Perhaps more often than not, an inaccurate test is the simple product of inaccurate test procedures. People like Sweazy, Ivusich and O'Grady, who talk to water testers as part of their livelihood, stress this point again and again. They note that for some reason, there is some uncertainty in the minds of the general water testing populace whether exact adherence to a water-testing regimen is important.
It is.
"I get this question all the time," says Ivusich, "People say, 'I'm supposed to put in five drops of reagent, is seven OK?'
"And I say, 'Of course not.'
"Then they say, 'How about three?'"
Details, Details
The basic idea is straightforward - amount and time and sequence are important. All reagents are designed to be added in a certain amount and order, and to be given a certain amount of time to develop a reaction.
"If, for example, you add too much neutralizer when you're trying to get a decent alkalinity test - well, that neutralizer has a very high pH itself, so you've ruined the result of your test right there," says Ivusich.
In short, precision in testing is important. And for people who like to cook with "a dash o' this, and a pinch o' that," it takes discipline and focus to follow each step deliberately and exactly.
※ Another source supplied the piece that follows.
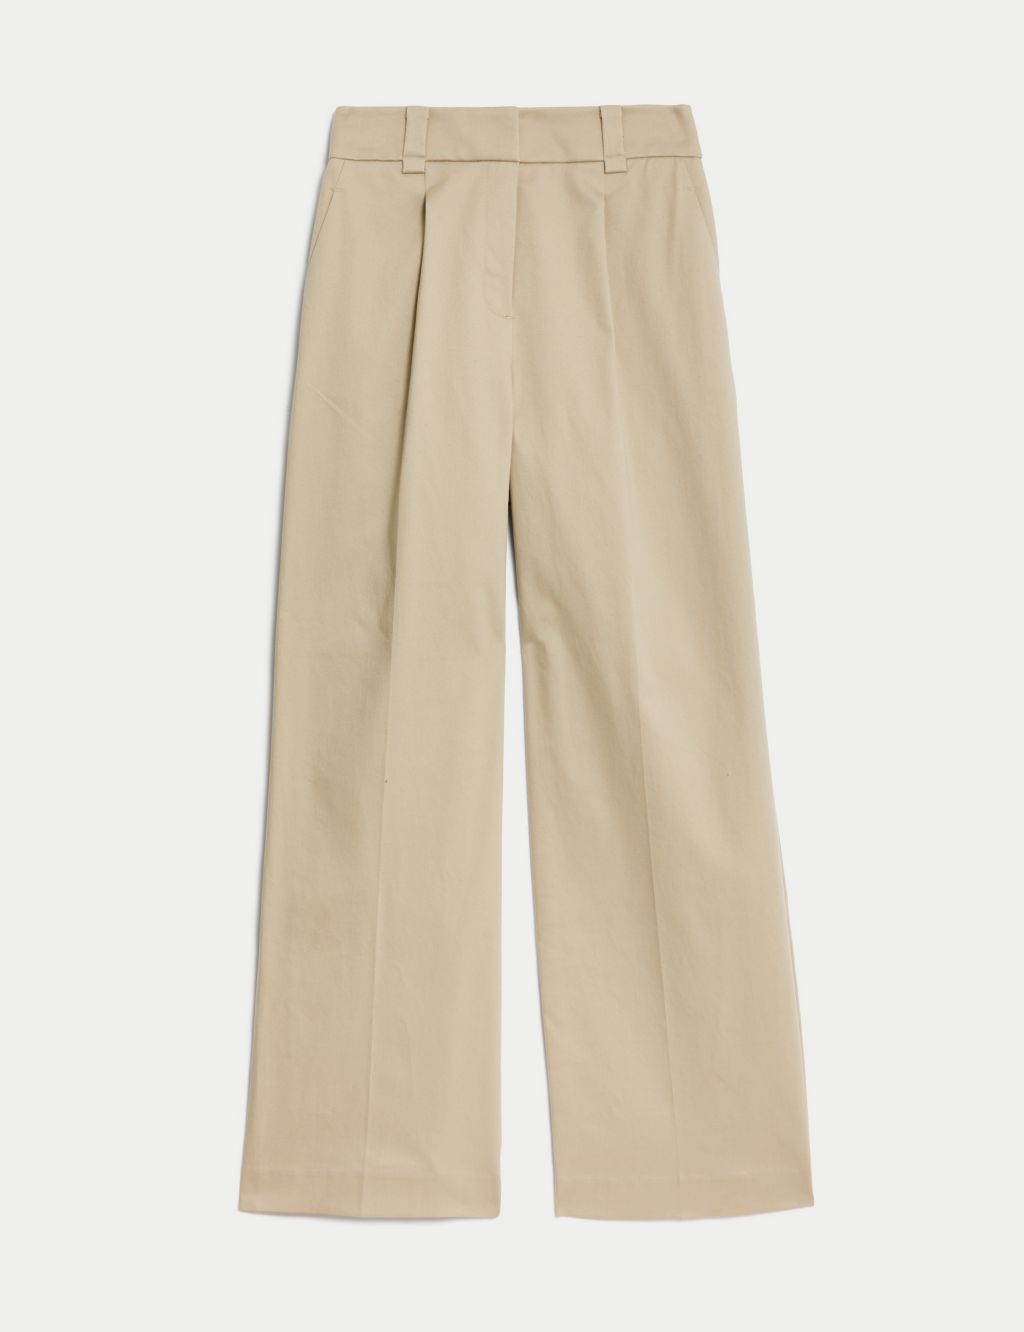 Cotton Rich Pleat Front Wide Leg Chinos image 2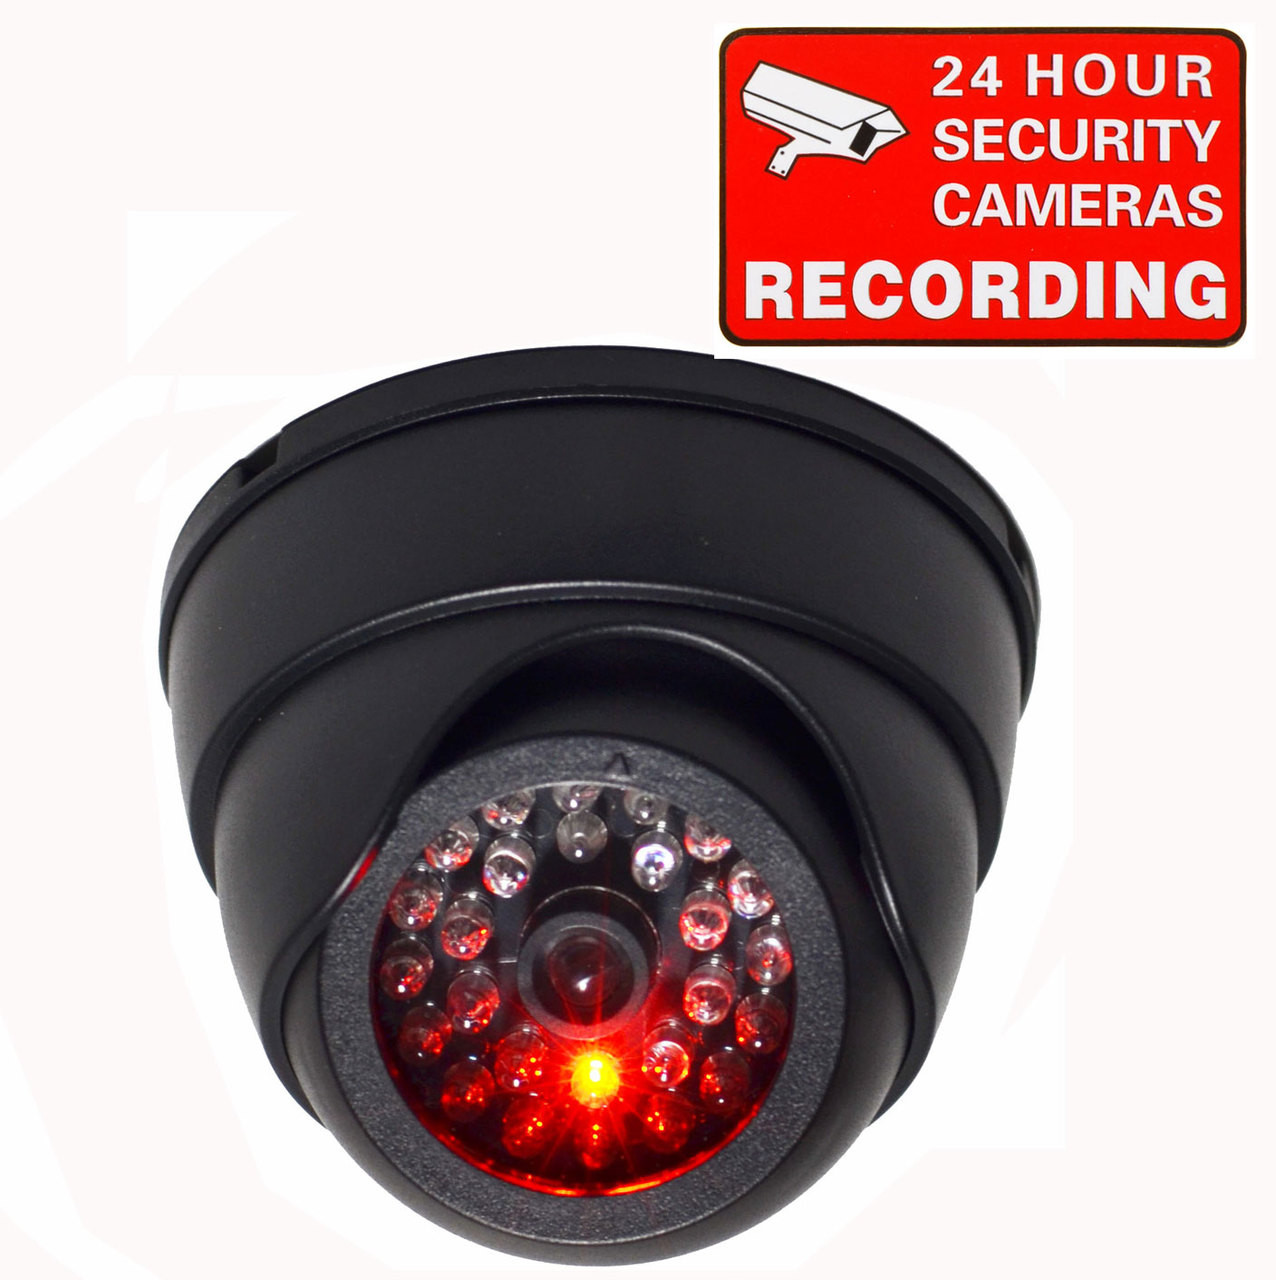 Dummy Fake Security Camera Dome Security Camera With Flashing Led

Even the way you hold a vial or look at a test tube can affect results.
"For example, in a liquid test," says Sweazy, "if someone holds the dropper at a 45-degree angle instead of a 90-degree angle, the drop size is different, and then of course your result will be different. The vertical drop is larger. Little things like that are important to accuracy."
Even the physical location of the test can influence the result, notes Ivusich. "I've seen people try to do a DPD test outside - on a beautiful, bright, sunny day, not a cloud in the sky - well believe it or not, that can alter how your water test is interpreted."
The sunlight changes how your eye sees the color, he says, so testers trying to match colors should face away from the sun to keep its rays from directly entering the eye.
The same thing is true with drop tests, he adds. Many testers start counting the drops while holding the sample tube at eye level - the wrong way to do it. The tester should look down into the tube to get the right view depth and color development.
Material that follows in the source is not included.